EXERCISE BRIEF = The response should contain all of the data below, reproduced exactly, and no pictures.

DATA EXCERPT =

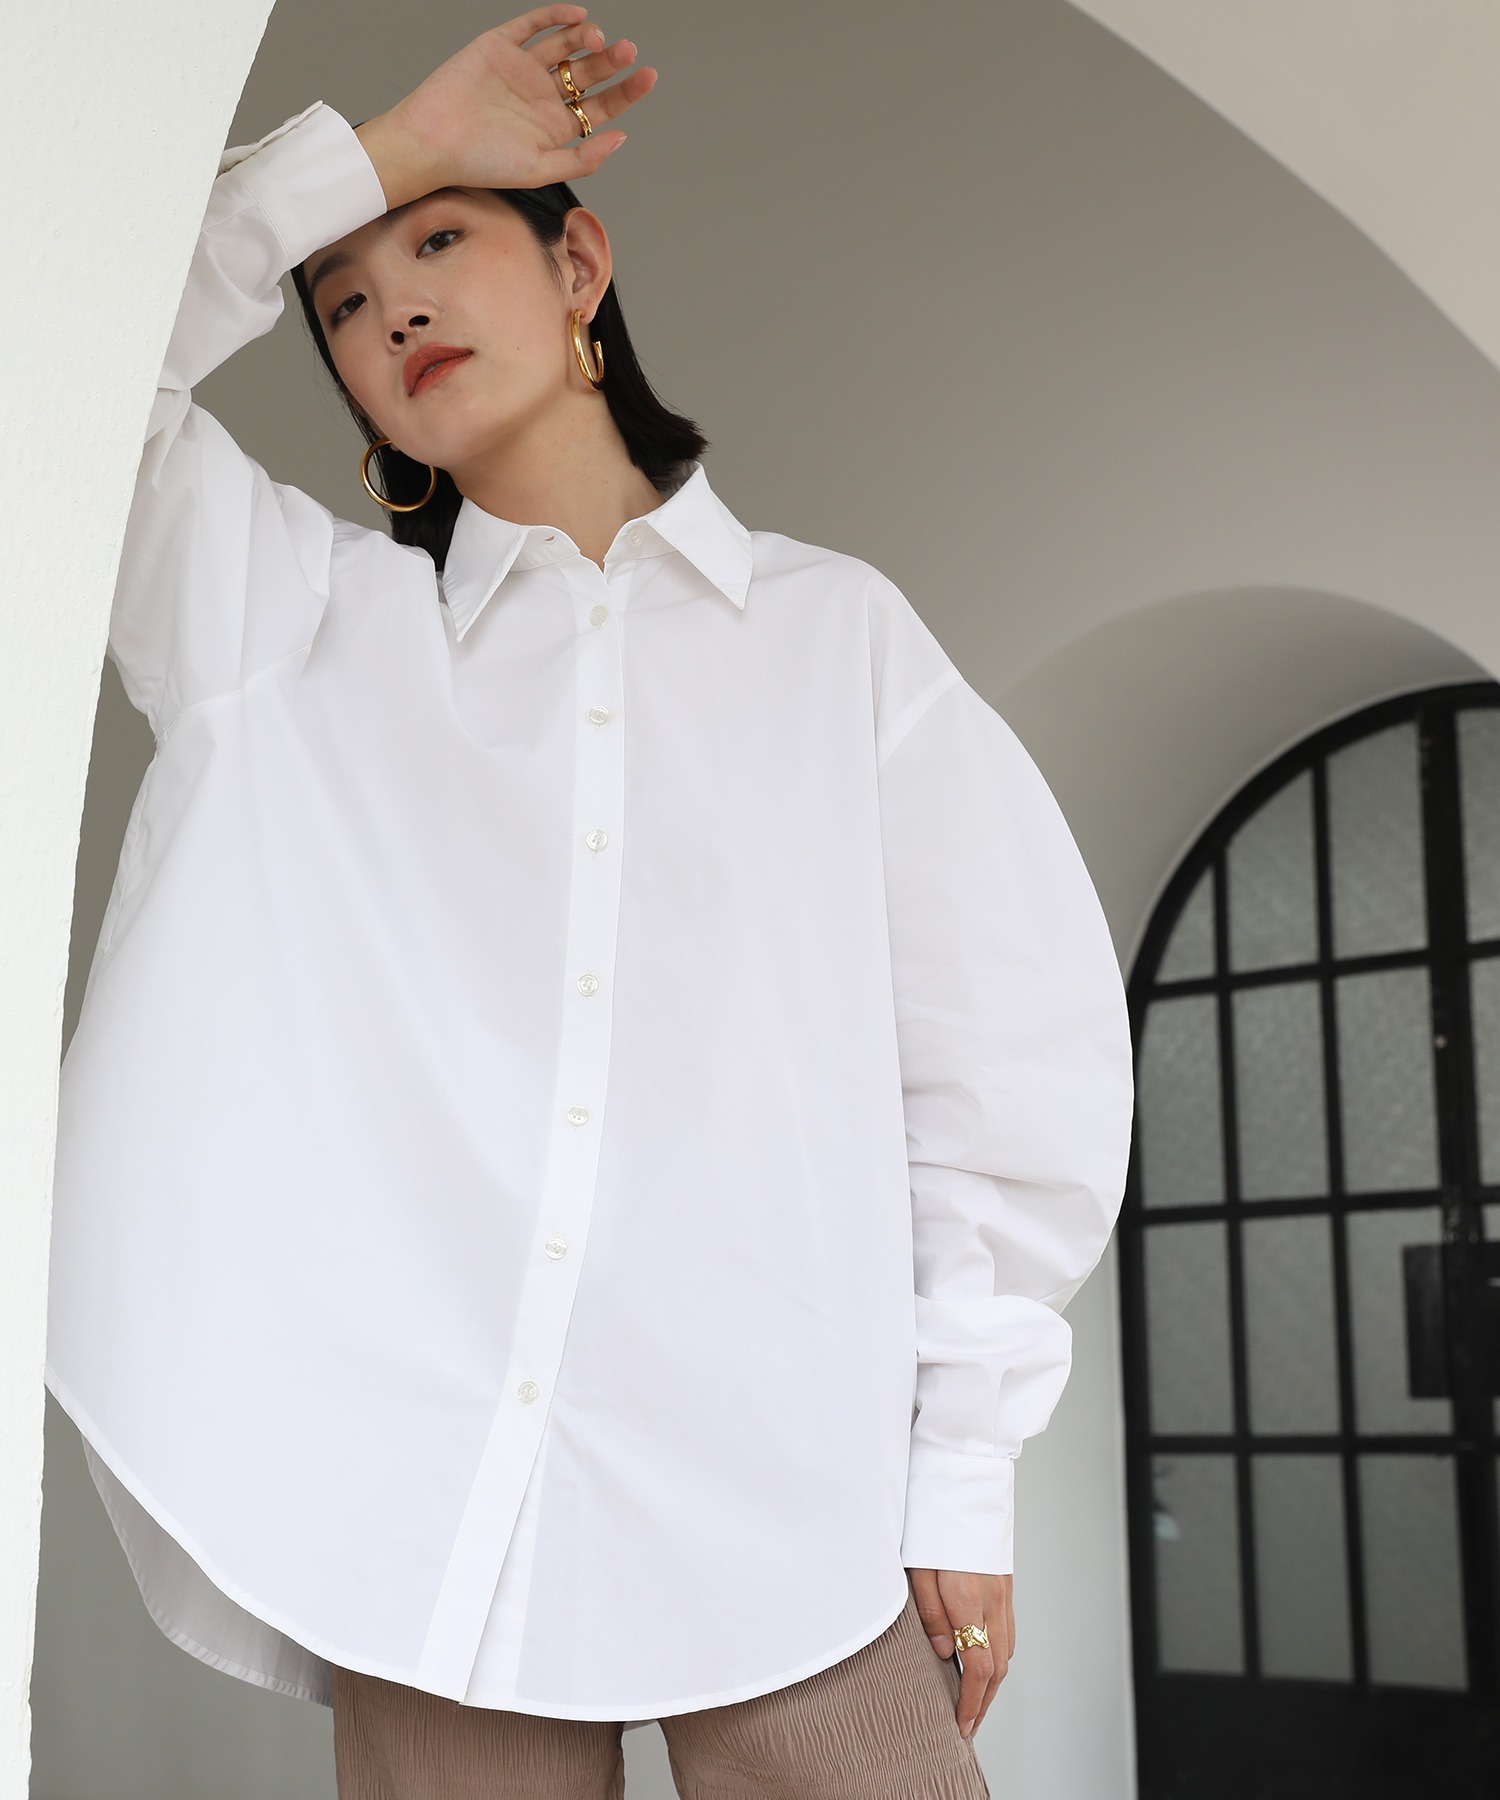 chuclla】【2021/SS】Curve sleeve shirt sb-5 chwg1-ファッション通販 
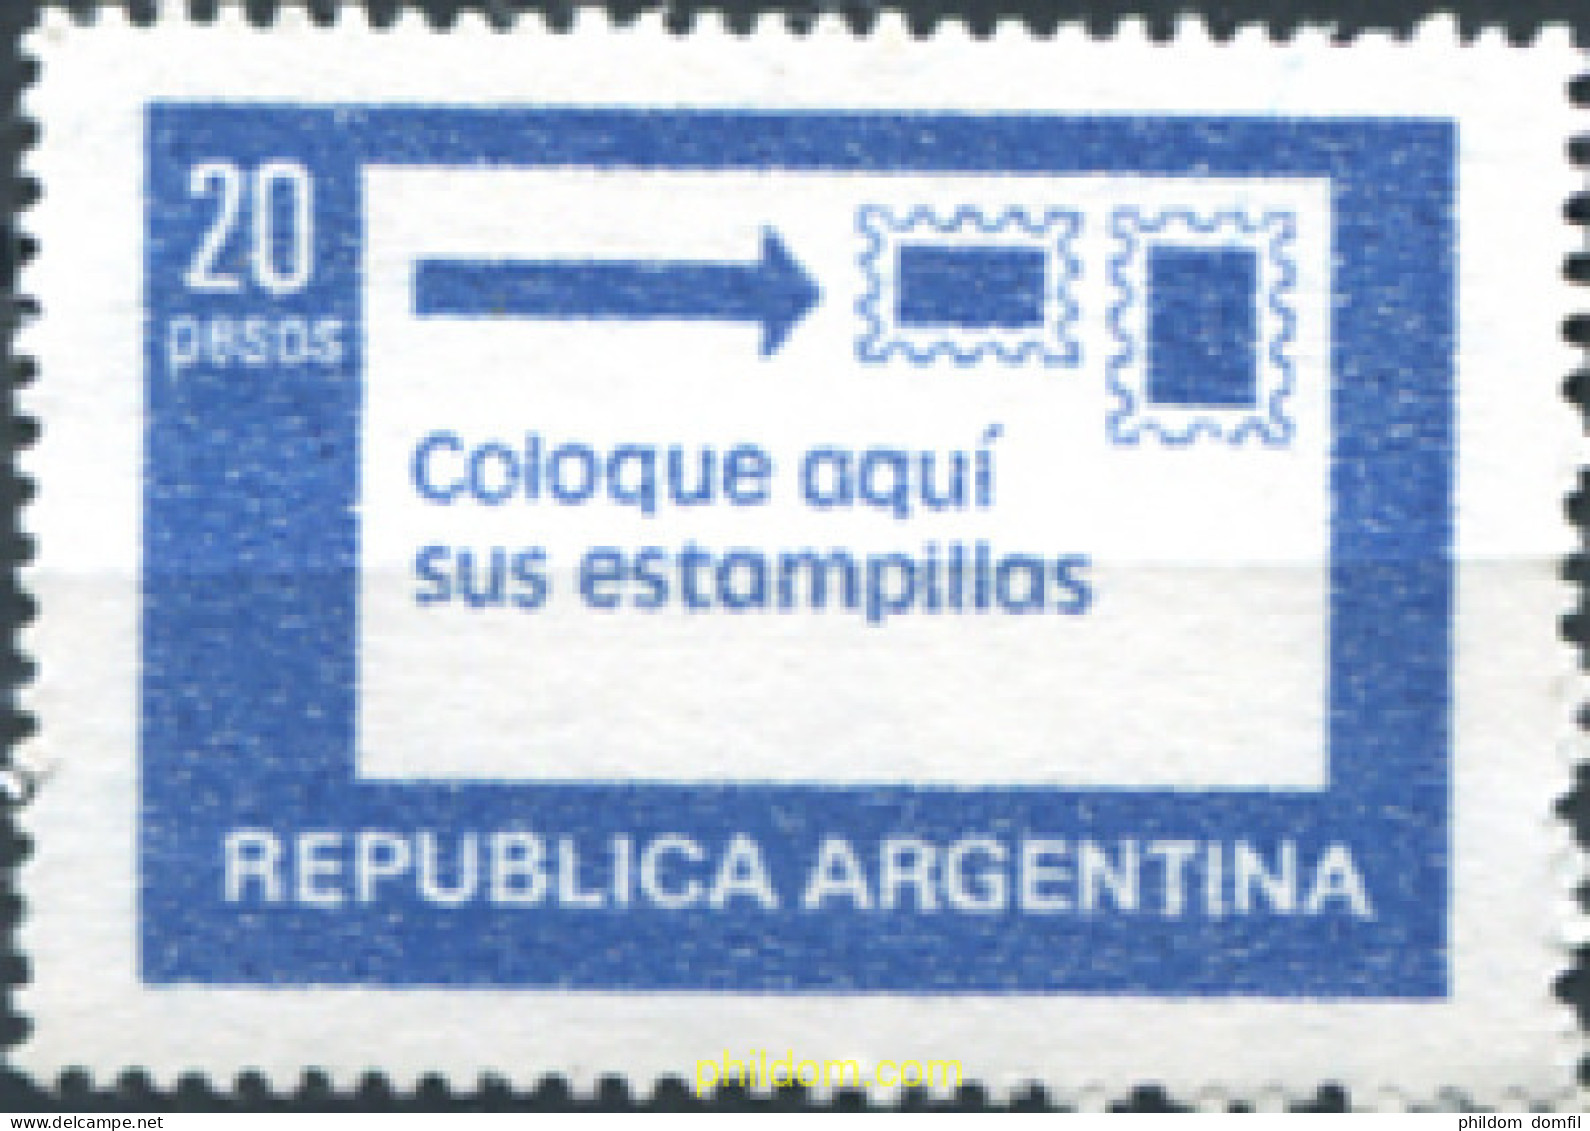 728916 MNH ARGENTINA 1978 SLOGAN POSTAL - Nuevos
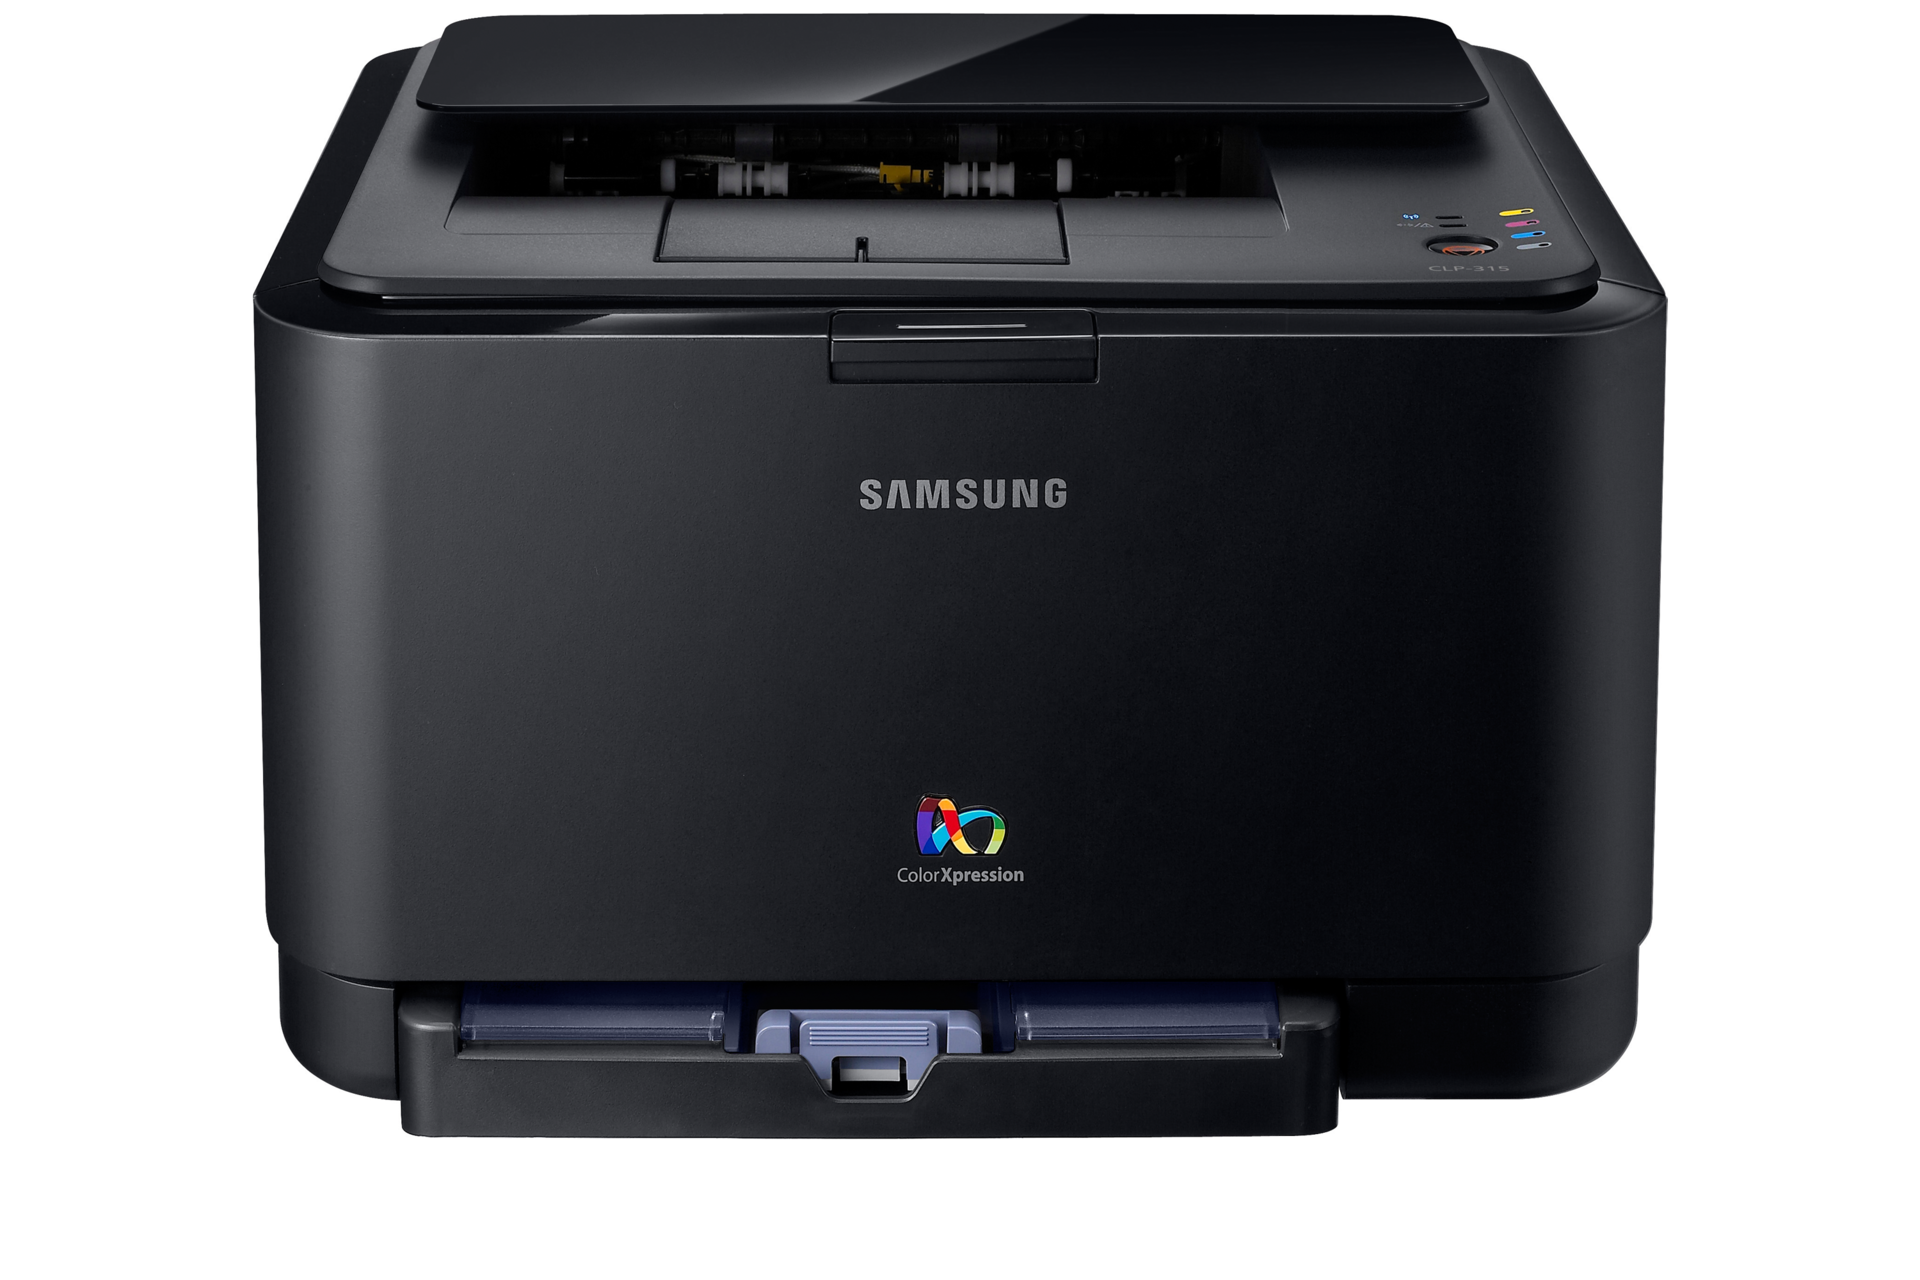   Toner on Colour Laser Printer Clp 315   Overview   Samsung

RESPONSE FOR THIS EXERCISE =
 chuclla】【2021/SS】Curve sleeve shirt sb-5 chwg1-ファッション通販 
 728916 MNH ARGENTINA 1978 SLOGAN POSTAL - Nuevos
   Toner on Colour Laser Printer Clp 315   Overview   Samsung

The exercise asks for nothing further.